## ASSIGNMENT
Your output should be the lines below from the one holding "Alternate Image 1" through the one holding "Jake Plummer Arizona", transcribed exactly, with no pictures.

## SUPPLIED ENTRIES
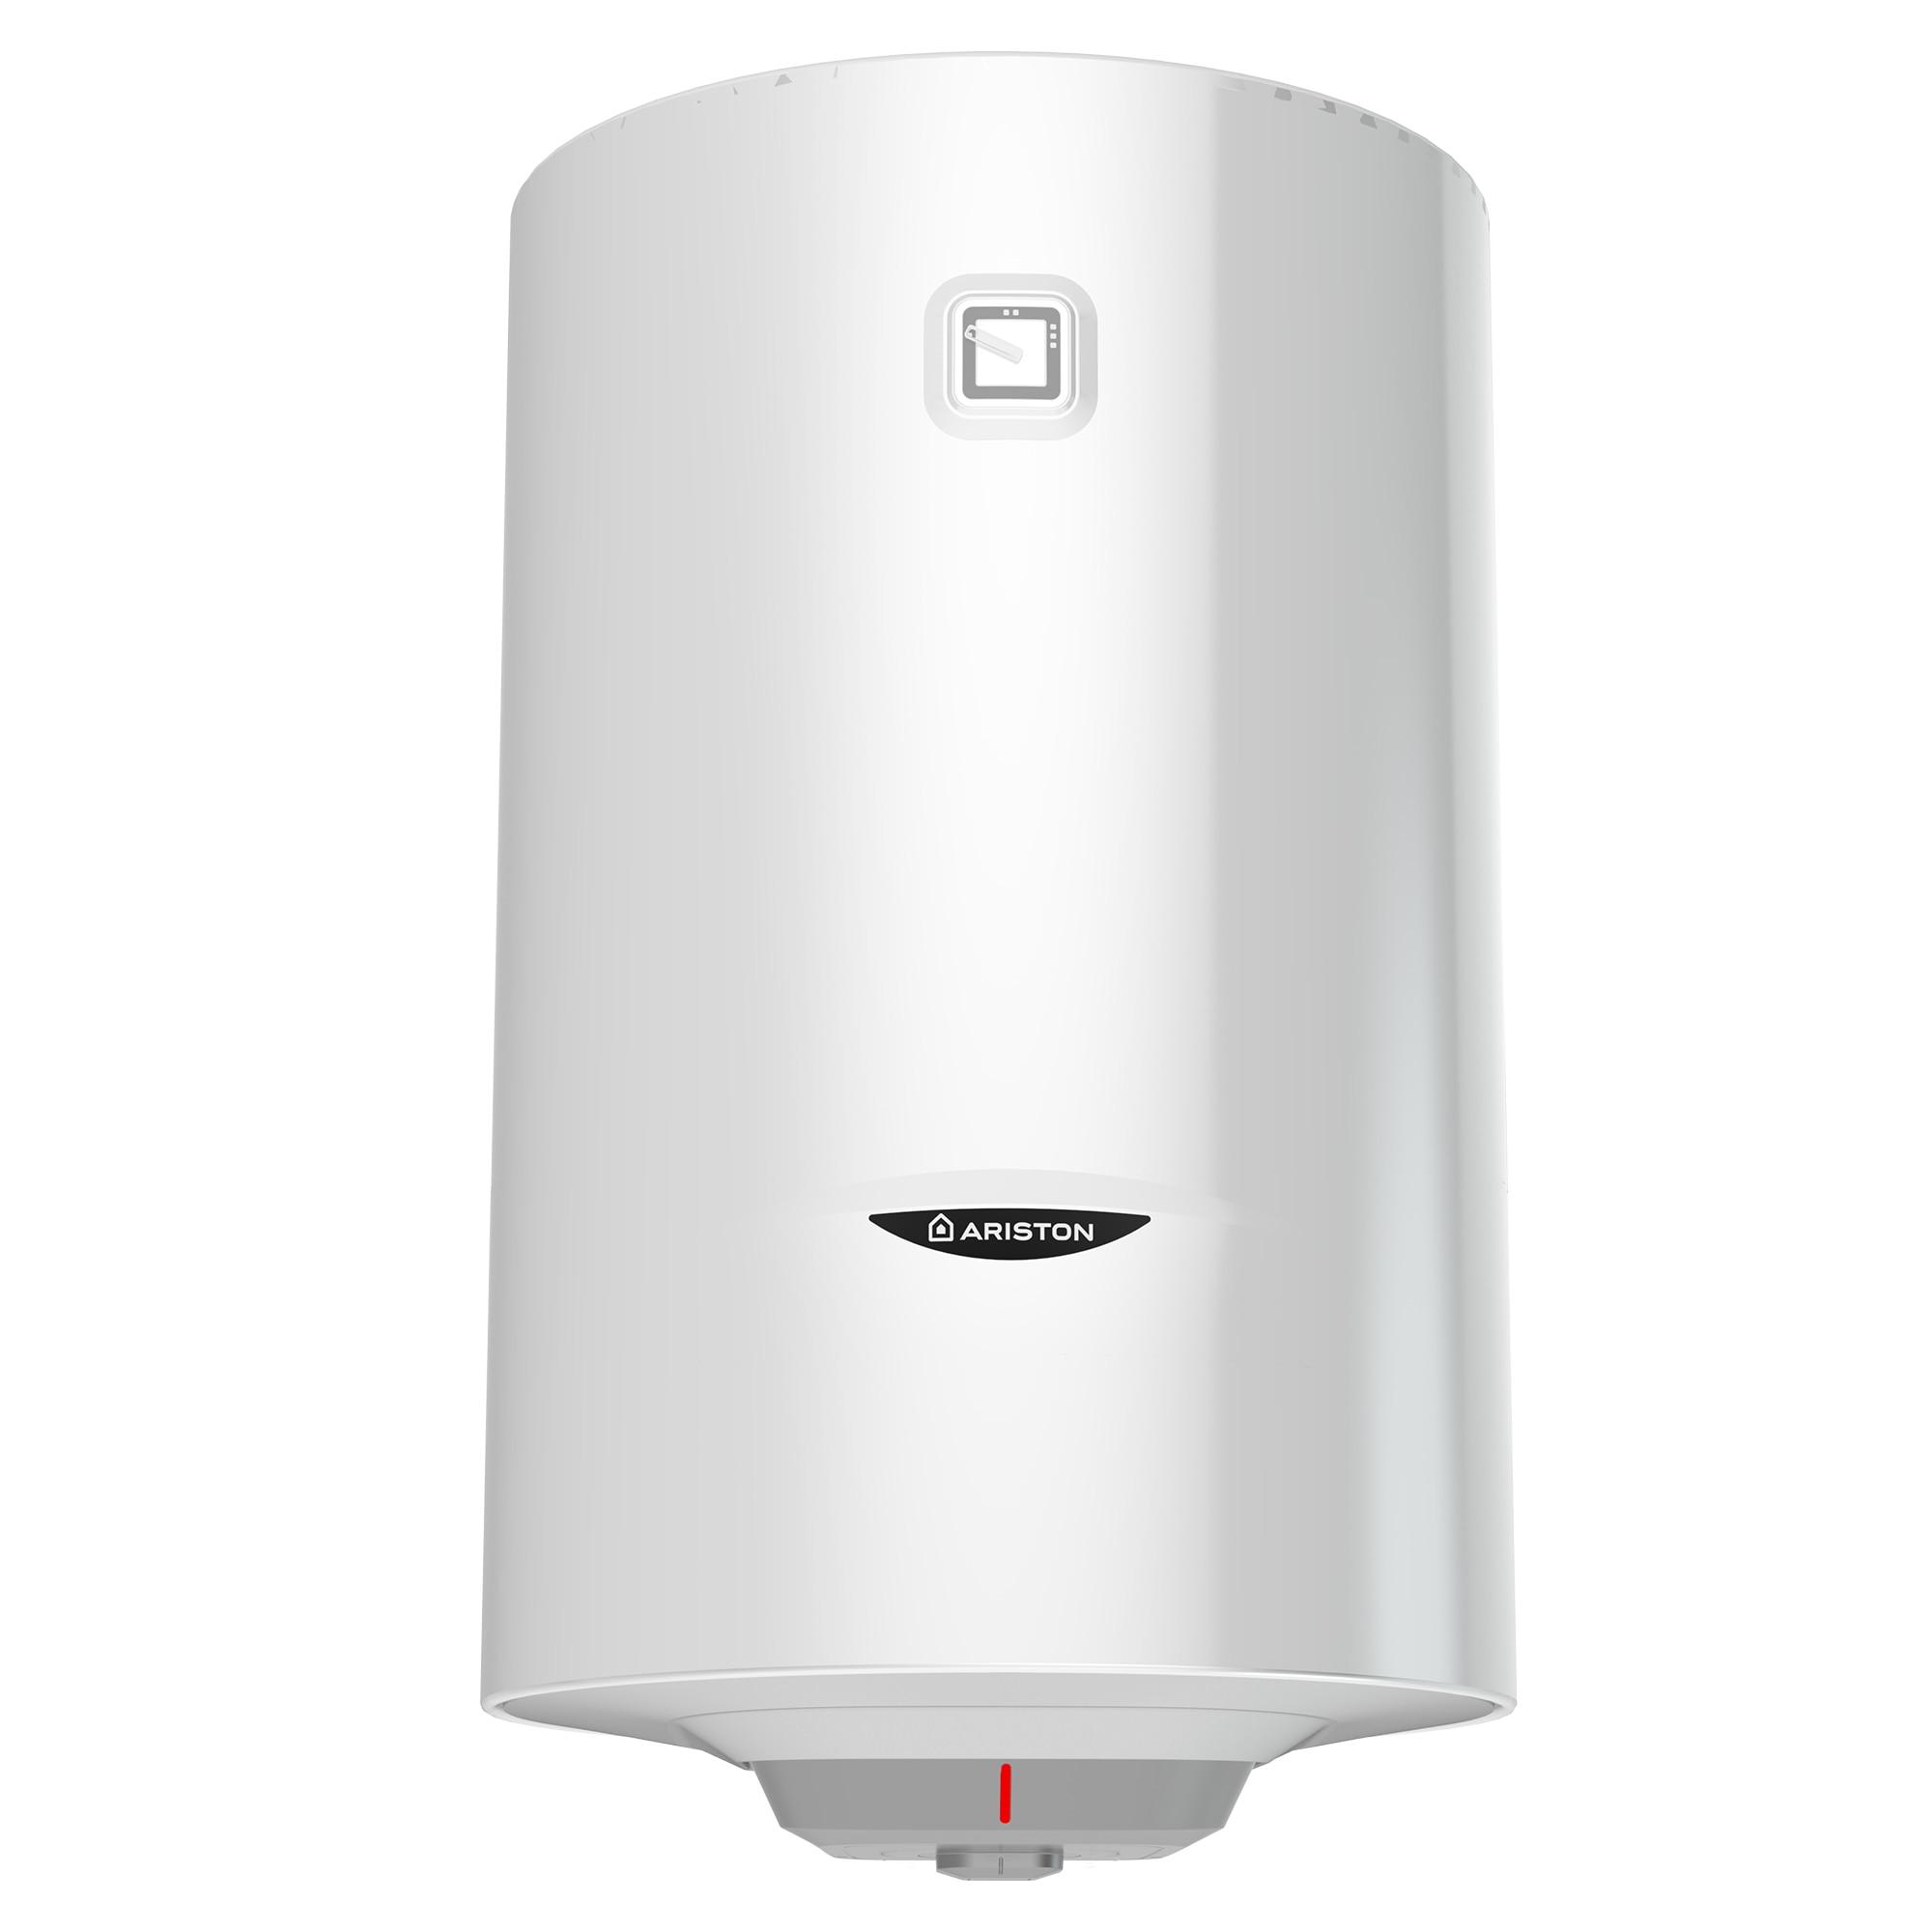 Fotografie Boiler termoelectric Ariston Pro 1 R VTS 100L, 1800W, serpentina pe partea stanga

* * *

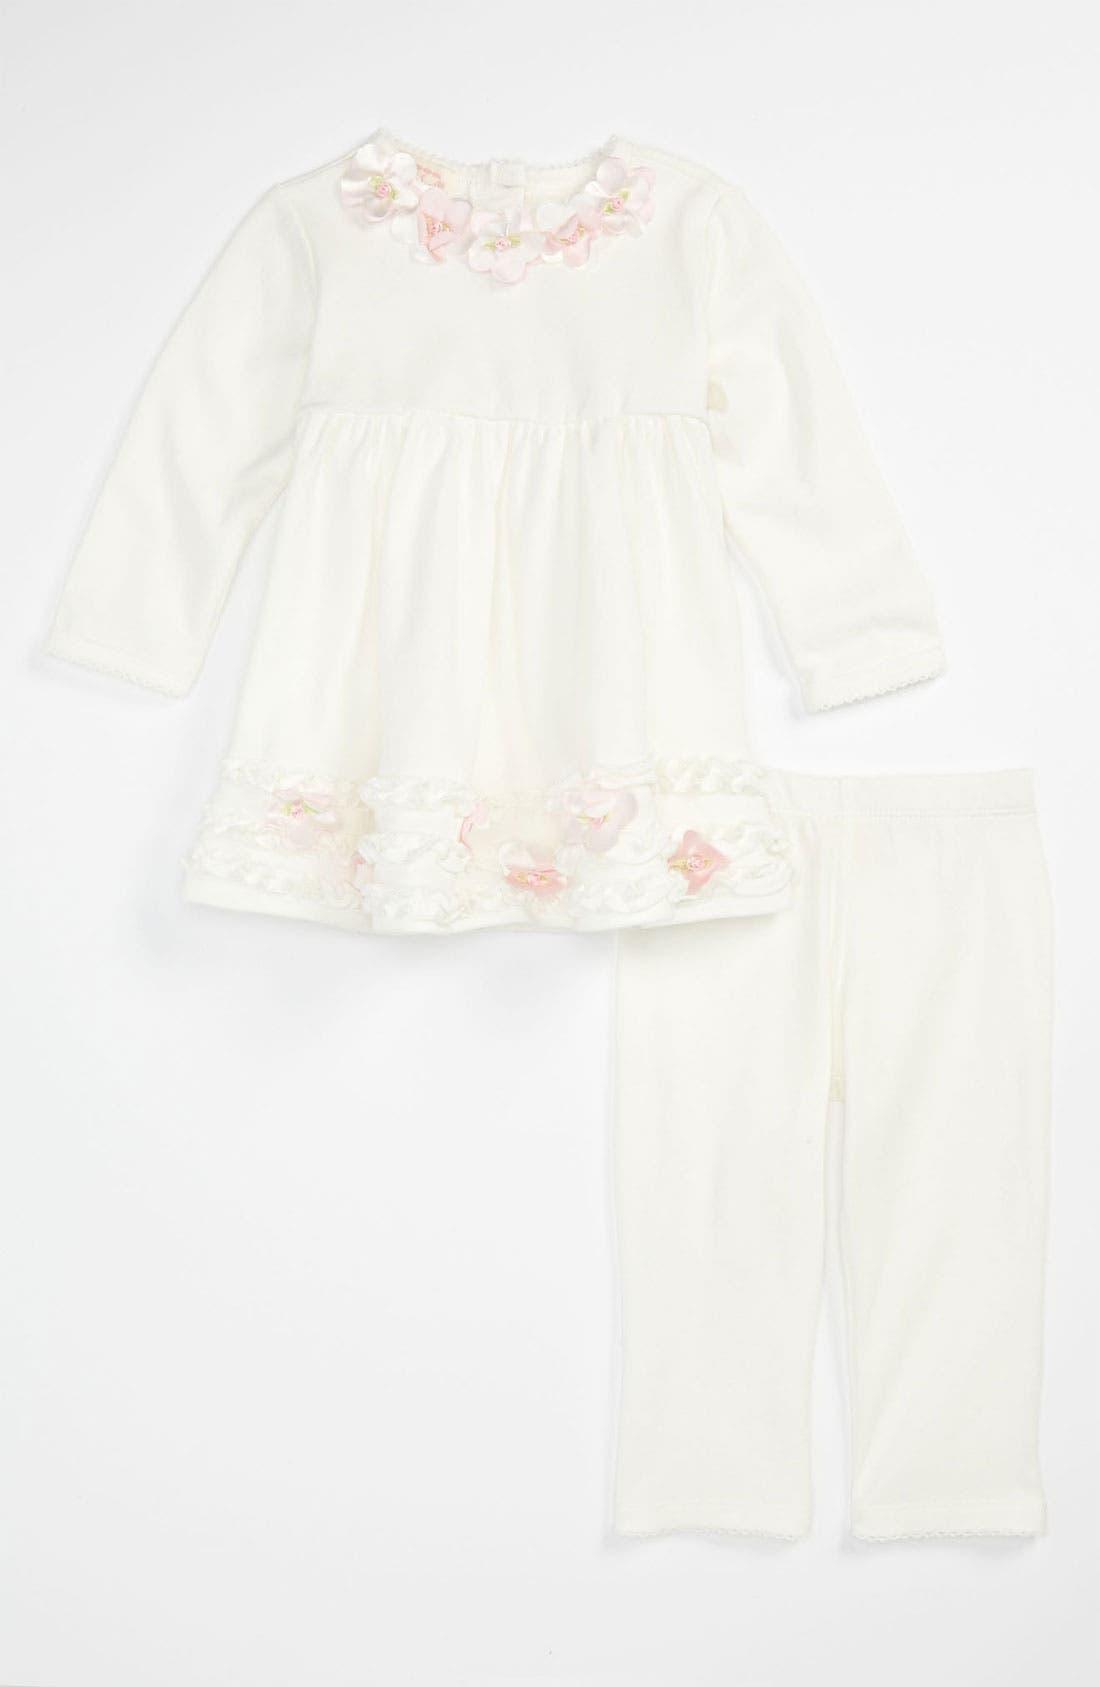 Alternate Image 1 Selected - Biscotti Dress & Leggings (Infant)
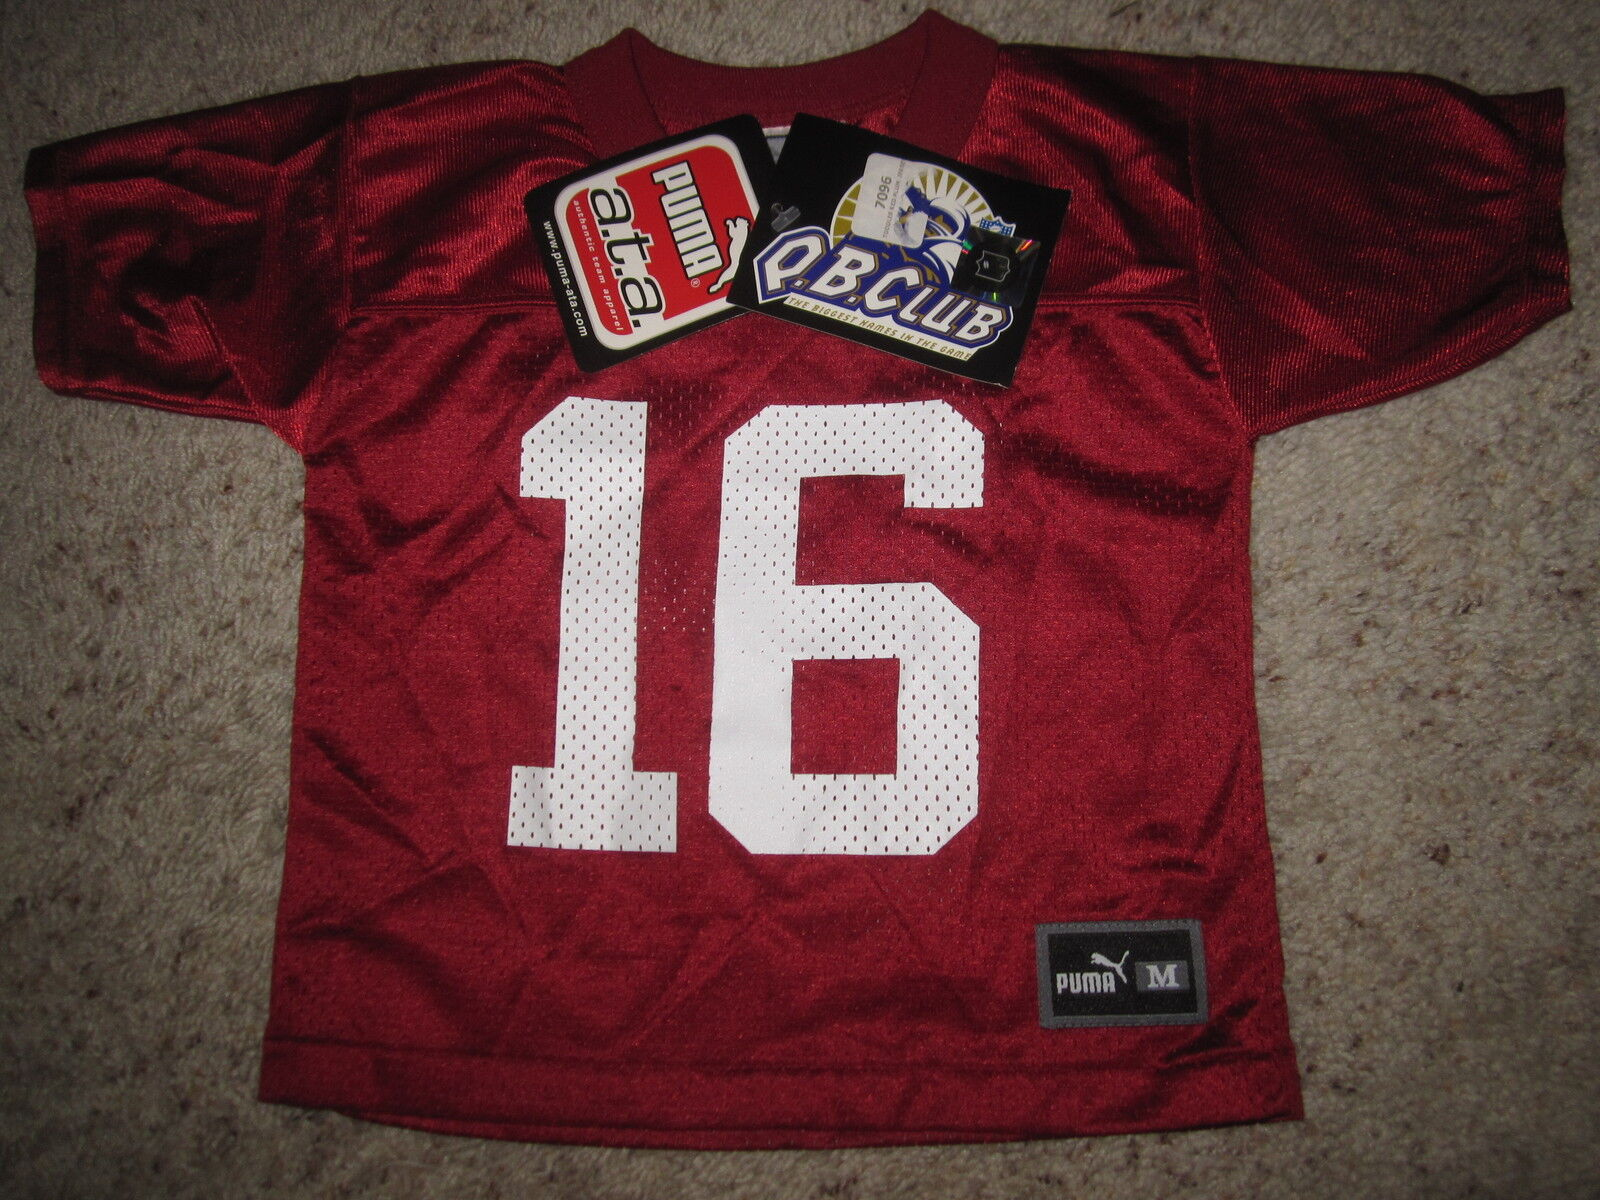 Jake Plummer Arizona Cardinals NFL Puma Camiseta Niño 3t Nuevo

## OUTPUT BELOW
 Alternate Image 1 Selected - Biscotti Dress & Leggings (Infant)
 Jake Plummer Arizona Cardinals NFL Puma Camiseta Niño 3t Nuevo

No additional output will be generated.